Similarly, under the alternative hypothesis $H_1$, the maximum likelihood is

$$ L_1(\hat a_1,\hat a_2) = p(s_1|\hat a_1)p(s_2|\hat a_2)\quad \hat a_1, \hat a_2 = \arg\max_{a_1,a_2} L_1(a_1,a_2). $$

Again, setting derivatives equal to zero, we get for $H_1$

$$ \hat a_1 = s_1, \quad \hat a_2 = s_2, $$

and the maximum likelihood

$$ L_1(\hat a_1,\hat a_2) = {m^{2m}\over \Gamma(m)^2}s_1s_2 e^{-2m}. \tag{2.8} $$

The Likelihood Ratio Test

The theory of statistical testing specifies methods for determining the most appropriate test procedure, one which minimizes the probability $\beta$ of an error of the second kind for a fixed level of significance $\alpha$. Rather than giving a general definition, we state the appropriate test for our case:

We should reject the null hypothesis if the ratio of the two likelihoods satisfies the inequality

$$ Q = {L_0(\hat a)\over L_1(\hat a_1,\hat a_2)} \le k \tag{2.9} $$

for some appropriately small value of threshold $k$.

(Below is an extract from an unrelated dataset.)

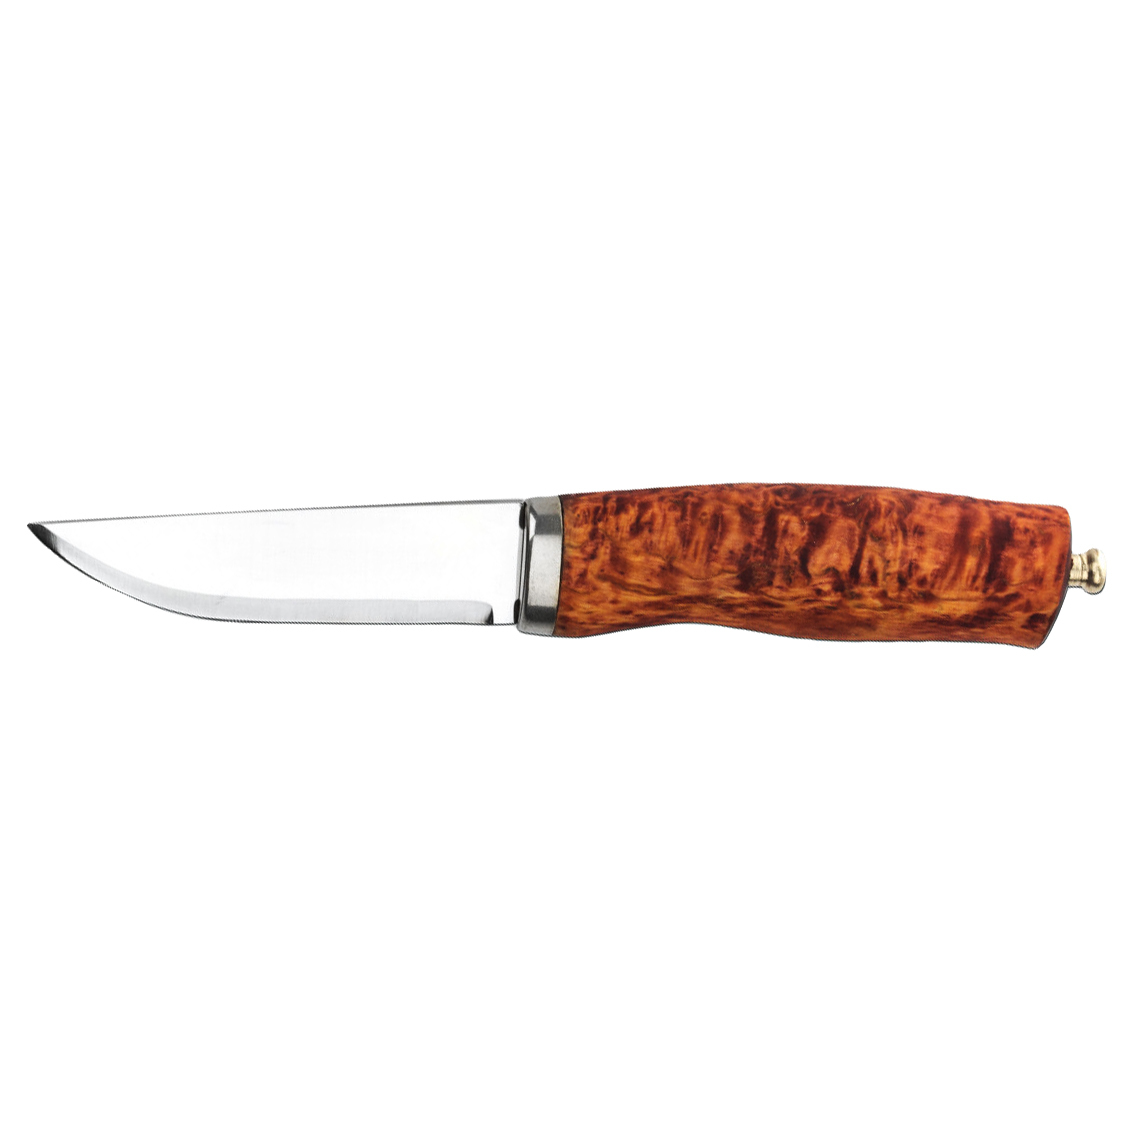 Нож туристический Brusletto Norgeskniven, сталь Sandvik 12C27, рукоять карельская береза от Ножиков

This definition simply reflects the fact that, if the null hypothesis is true, the maximum likelihood when $a_1=a_2$ should be close to the maximum likelihood without that restriction, given the measurements $s_1$ and $s_2$. Therefore, if the likelihood ratio is small, (less than or equal to some small value $k$), then $H_0$ should be rejected.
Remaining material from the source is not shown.